====== SUPPLIED MATERIAL ======
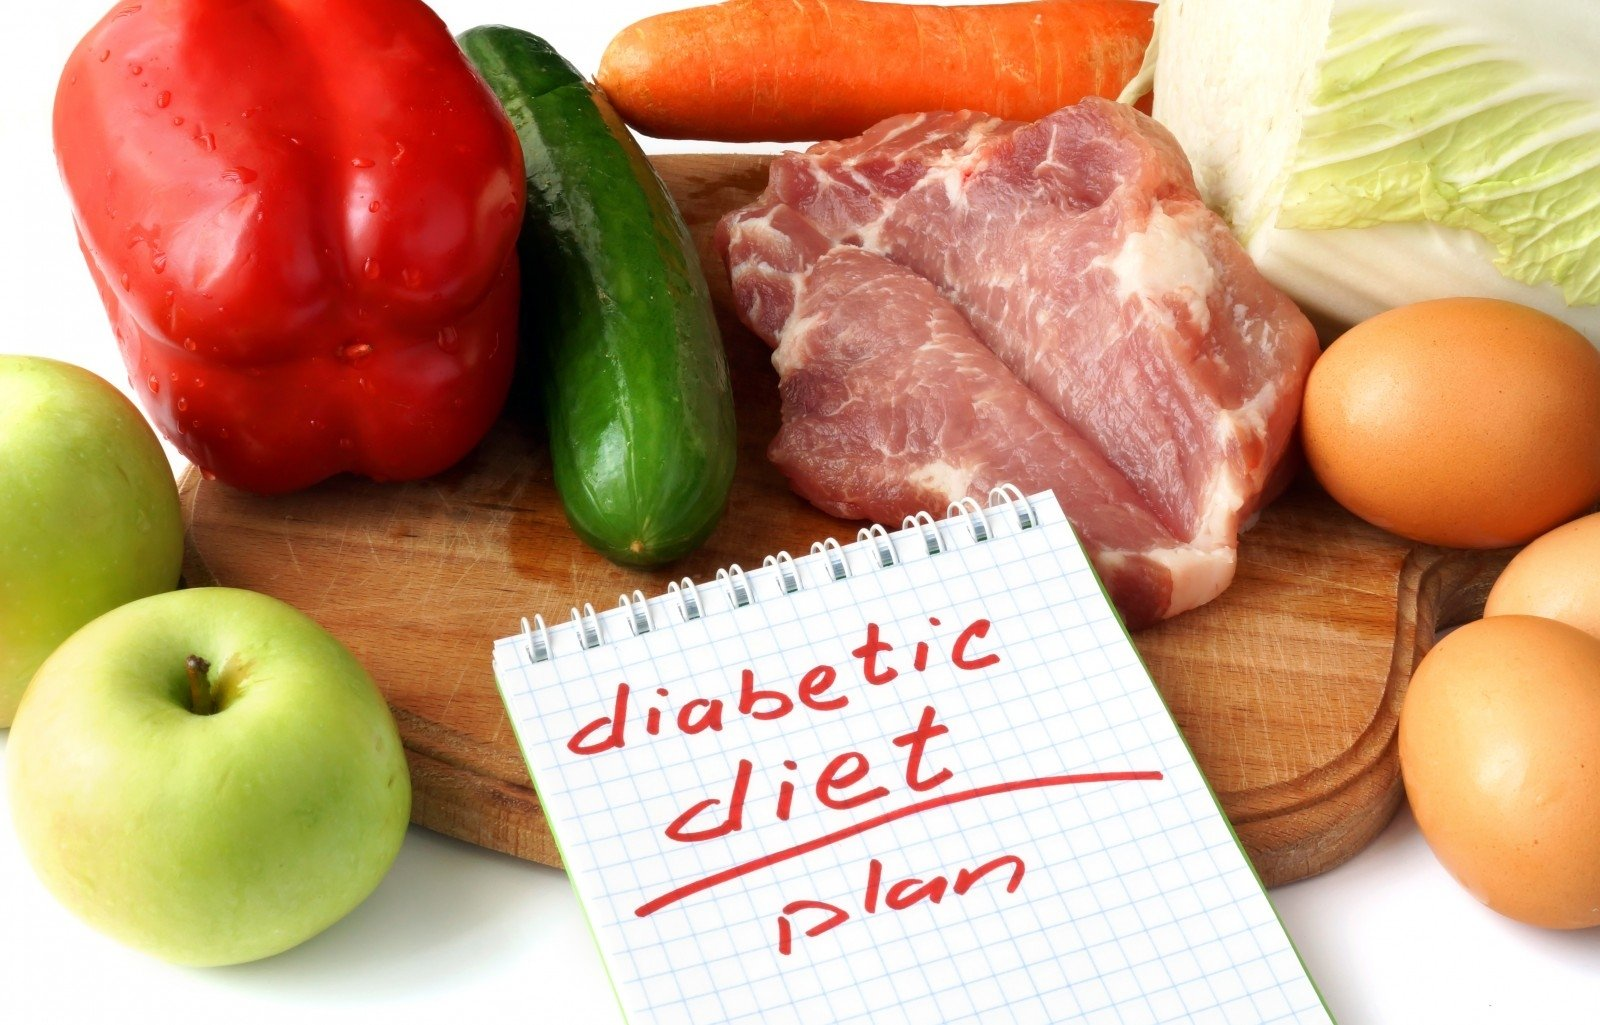 dieta sergant 2 tipo cukriniu diabetu, sergančiu hipertenzija)
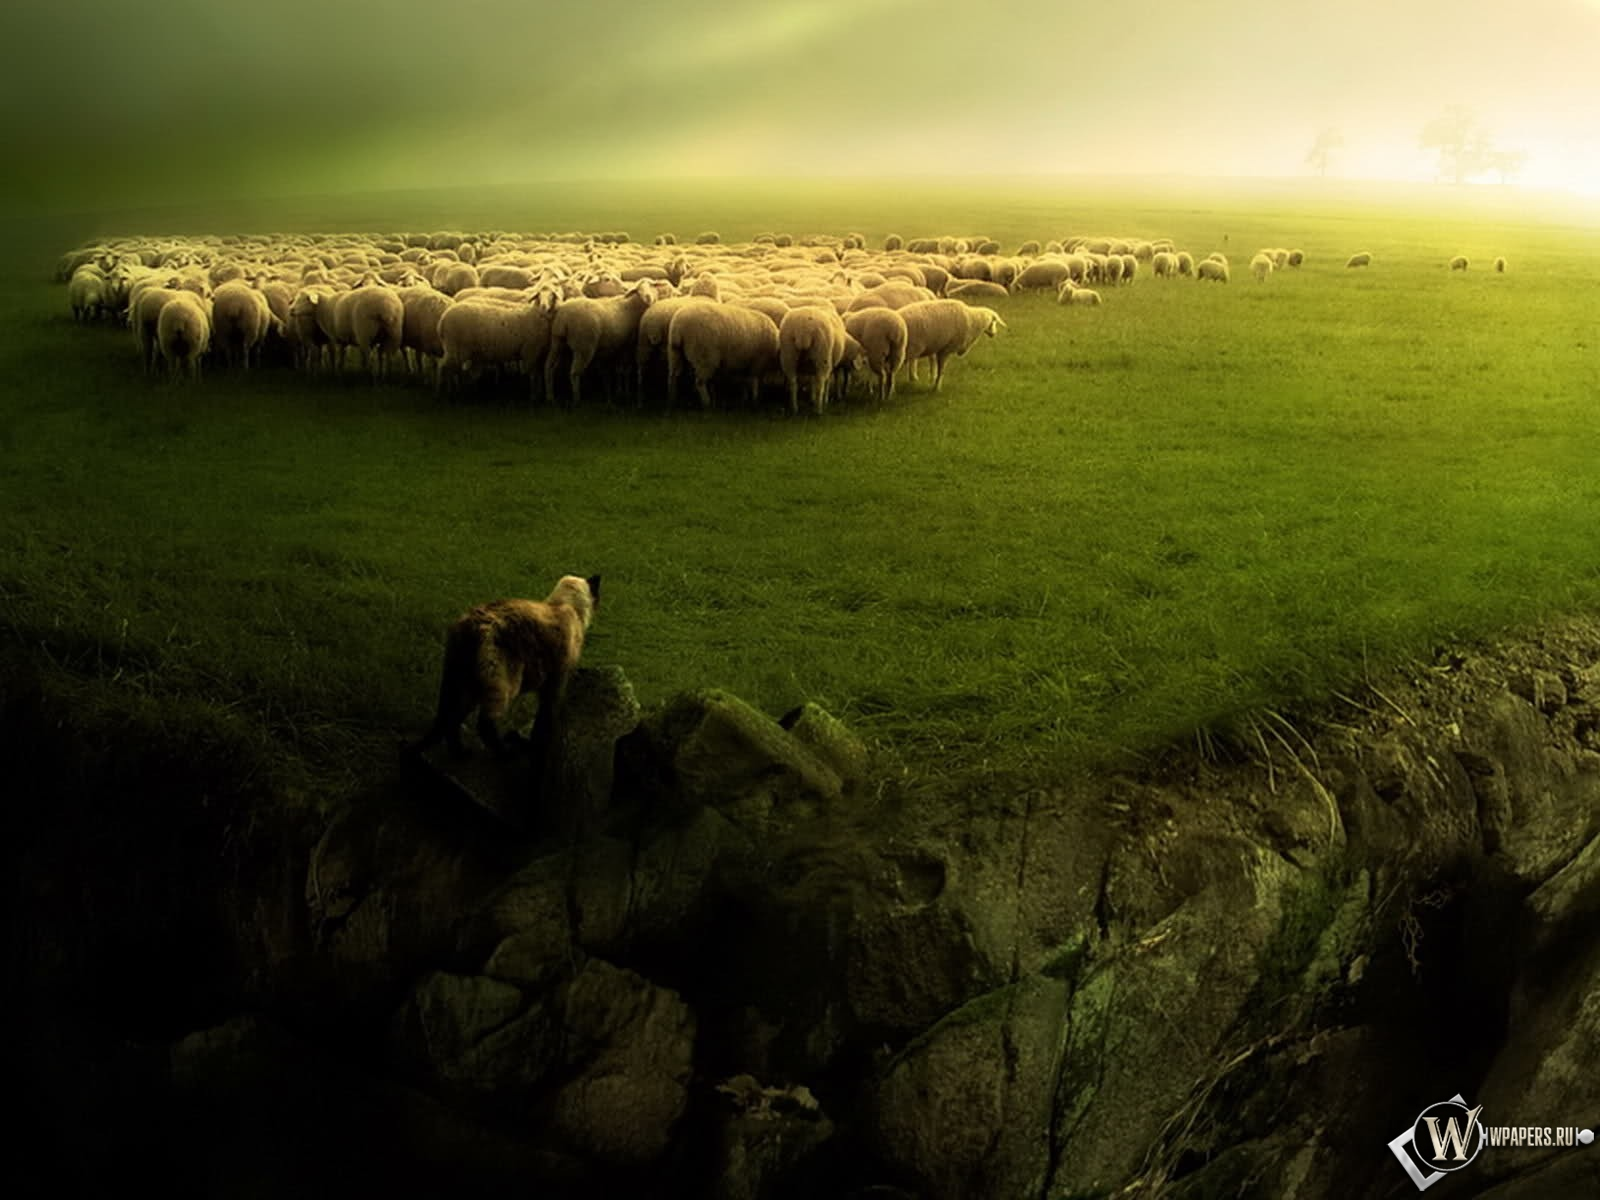 Волк и овцы 1600x1200
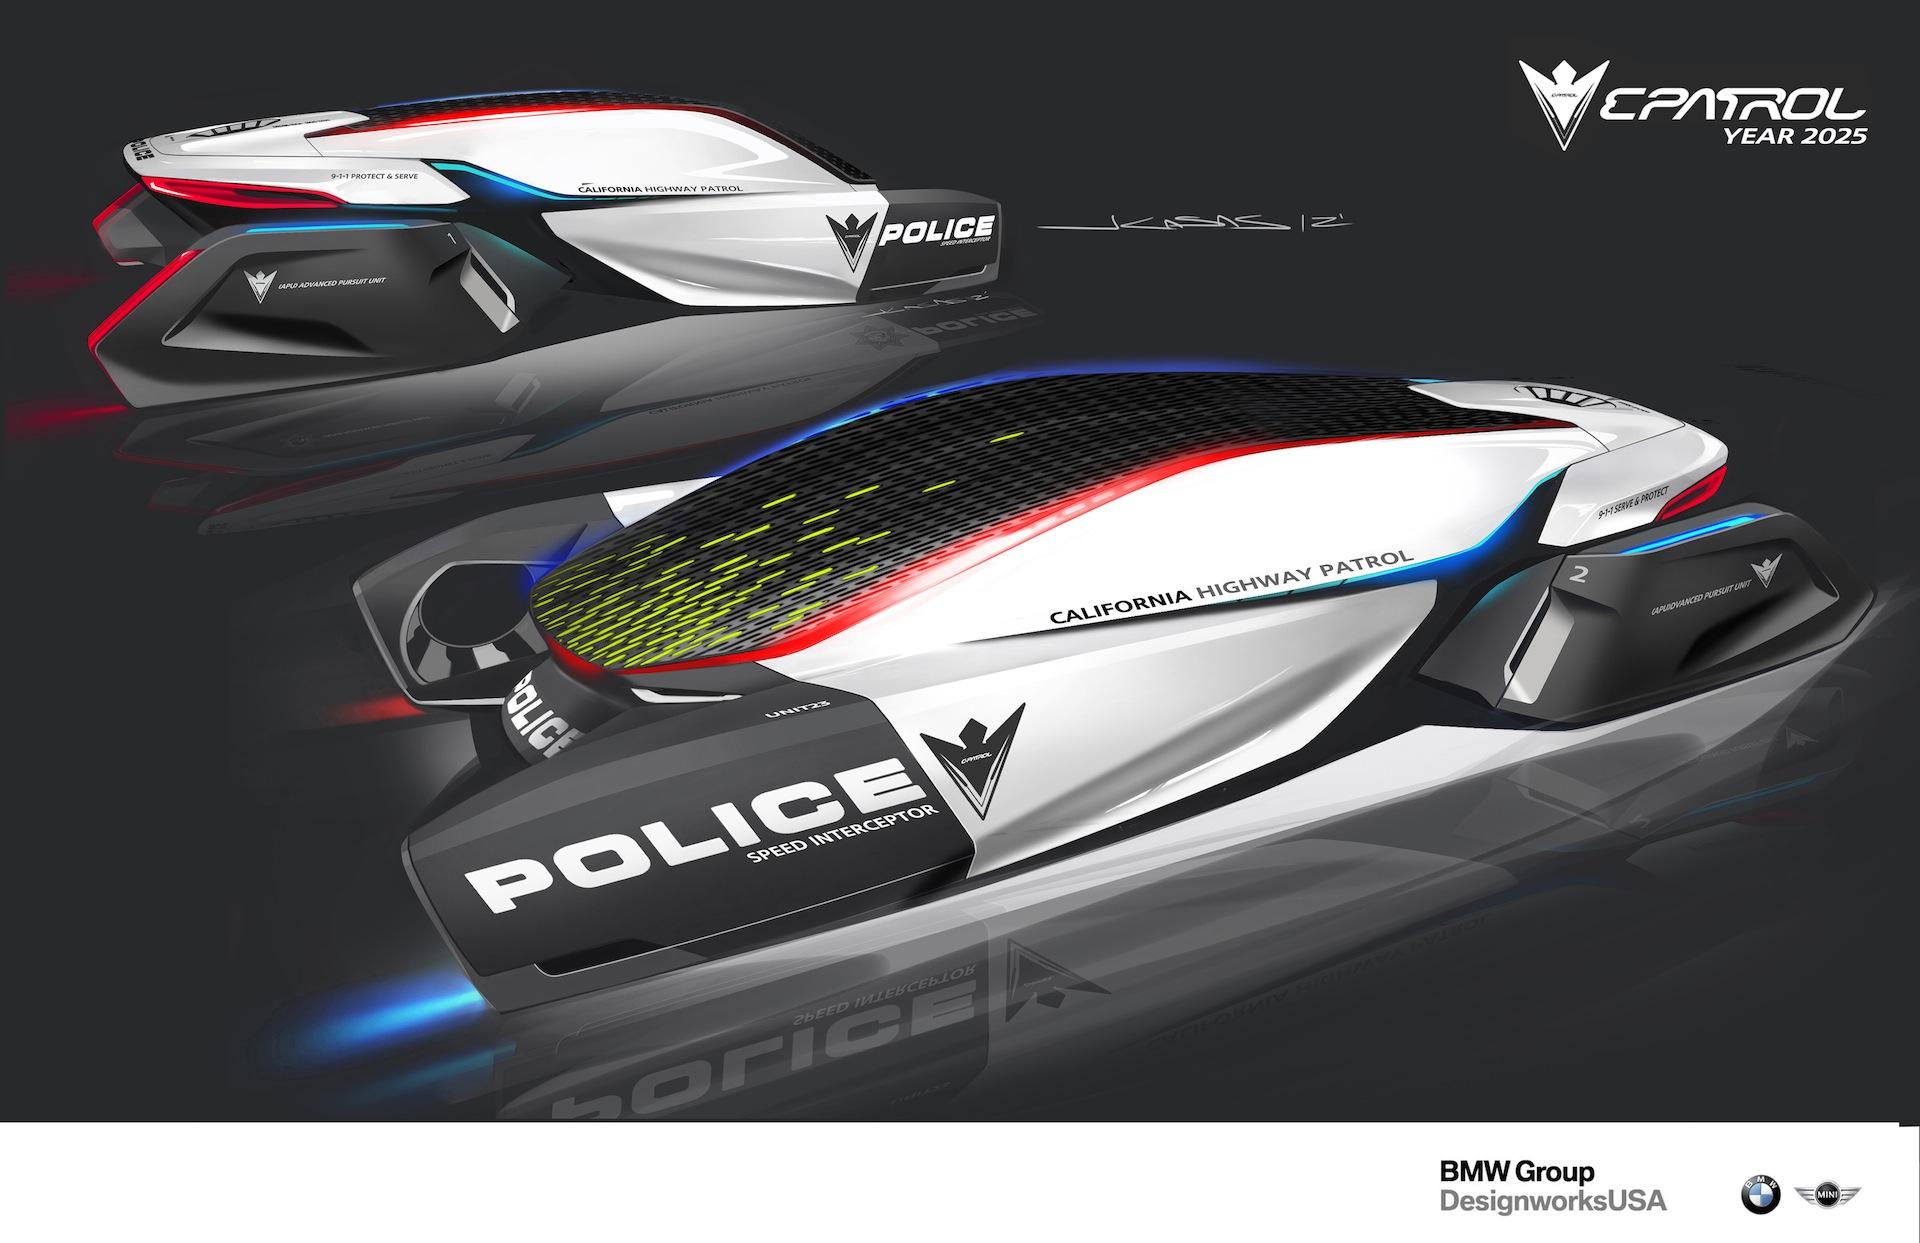 epatrol bmw designworksusa shows vision of future police
======
_PROBLEM_. Write out the data exactly, but not its pictures.

_RESPONSE TO THE TASK_.
 dieta sergant 2 tipo cukriniu diabetu, sergančiu hipertenzija)
 Волк и овцы 1600x1200
 epatrol bmw designworksusa shows vision of future police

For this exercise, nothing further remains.